12. This procedure is cumbersome and redolent with the potential for unfairness. Many proposals have been mooted with a view to changing it. There are compelling reasons why change might be considered. No appeal in any court proceeding under the Constitution is ever more than a hearing and a re-hearing. Often it is less. From District Court to Circuit Court there is a full oral re-hearing in a civil or criminal case. The process is then complete. In a civil case, a Circuit Court judgment may be appealed to the High Court by a full oral re-hearing. The process is then complete.
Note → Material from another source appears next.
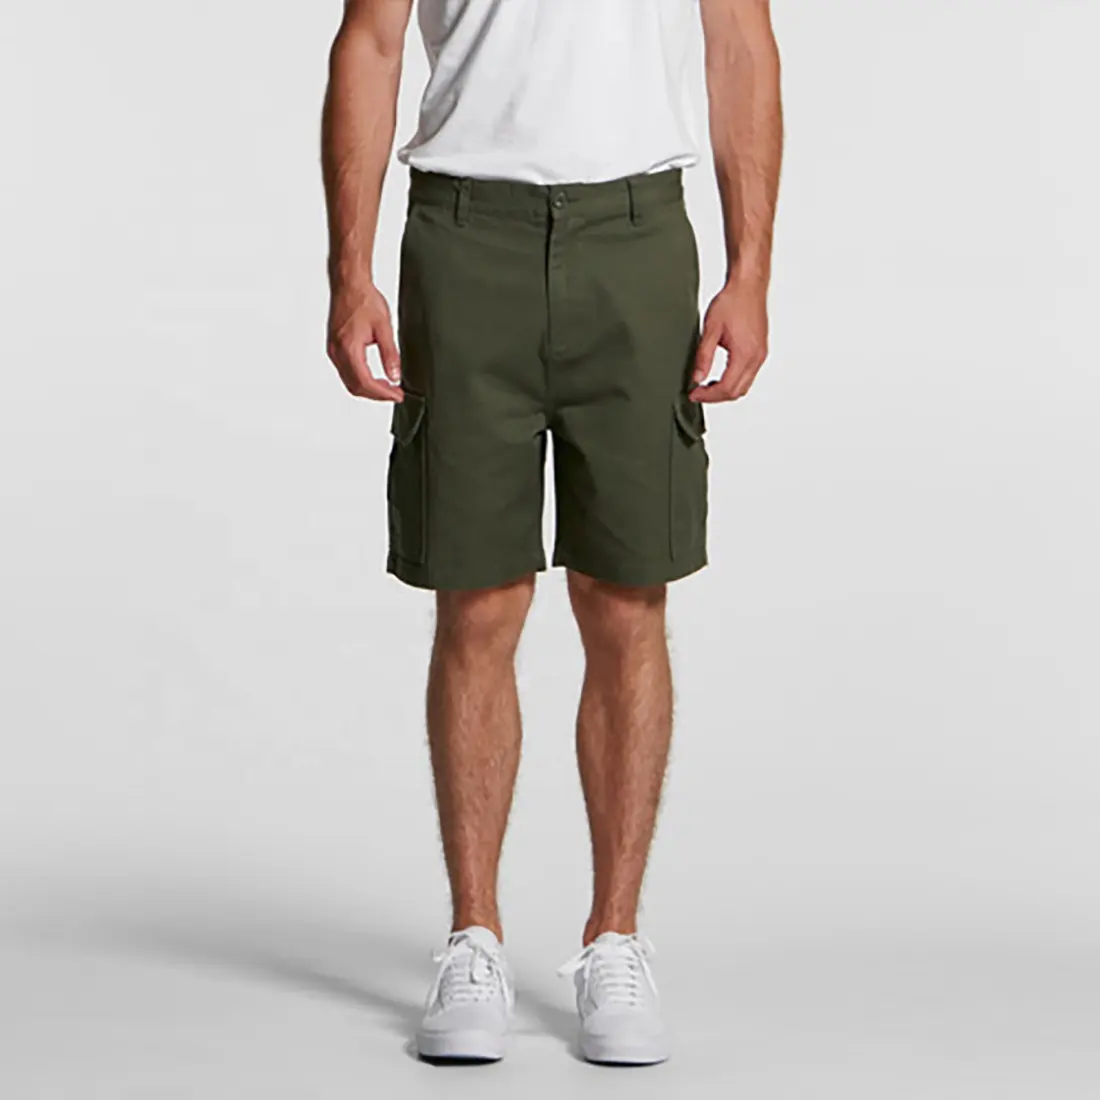 Мужские шорты из сетчатой ткани, бермуды, спортивные штаны для бега и фитнеса, в любых условиях, летняя уличная мода, оптовая продажа

Circuit Court criminal decisions and High Court civil and criminal decisions can be appealed to the Court of Criminal Appeal or the Supreme Court on a point of law argued on the basis of a transcript. The process is then complete, barring a rare criminal appeal on a point of law of exceptional public importance from the Court of Criminal Appeal to the Supreme Court. In criminal cases the process is usually funded at public expense.

Facts
13. Jerome Panisi was employed from the 30th September 1991 as general manager of JVC in Ireland. His functions as general manager are set out in his written contract of that date. Having analysed that contract, and having heard the evidence of Jerome Panisi, I am satisfied that 90% of his work involved sales. He was not a technical person, versed in electrical engineering, but instead maintained a strong public face in Ireland on behalf of his employer as a salesman. The results of his work were impressive. In due course the employer by whom he was engaged, JVC (U.K.) Limited, became JVC Europe Limited. Nothing turns on that and I will call the employer ‘JVC’.

14. The employer argues that the Court should accept that throughout the years 2000 to 2008 JVC faced a very serious situation in terms of turnover. Apparently, the company had not invested early enough in flat screen television technology. In consequence, many of its competitors overtook it in terms of sales. Tube televisions were fast disappearing and being replaced in many homes by modern slimline televisions. The television market is, in terms of sales of consumer electronics, in or around 80% of the market. For any firm in that line of commerce, a fall in sales of televisions is very serious. That is not only because of the revenue which television sales represent, but also because the brand name thereby becomes less visible and so less established in the marketplace and in the home. Whereas there has been some variation in the figures, it seems to me to be clear that turnover in the Irish and British market for JVC fell by around 50% over that time period, and for the reasons stated. The number of people operating in Ireland in sales and administration has decreased from a high point that exceeded twelve employees down to the two that are currently employed as of the date of writing this judgment in the summer of 2011.

15. On the 4th March 2008, a meeting was arranged with Jerome Panisi in Dublin and it was attended by him, by David Diamond, the human resources manager for the company, and by Kevin Crossland, the sales director. Mr. Panisi was handed a letter which told him that there would no longer be a requirement for his position, for the post of mobile entertainment in the U.K. or for the national independent sales manager in the U.K. While these three posts were disappearing, for reasons which were not at all apparent during the hearing, three new posts were being created. These would be: sales manager of key accounts and independent firms, a London position; in Ireland, sales manager for Ireland; and lastly a post of area sales manager in the U.K. Appended to the letter were two job descriptions but, curiously, the job description for sales manager in Ireland was not forwarded until a week later. I have read the job description for that post. In terms of the actual work to be undertaken it very closely mirrors the job then being done by Jerome Panisi. It is possible to describe it in different terms but, in reality, the work to be undertaken by the individual taking that post would be virtually the same.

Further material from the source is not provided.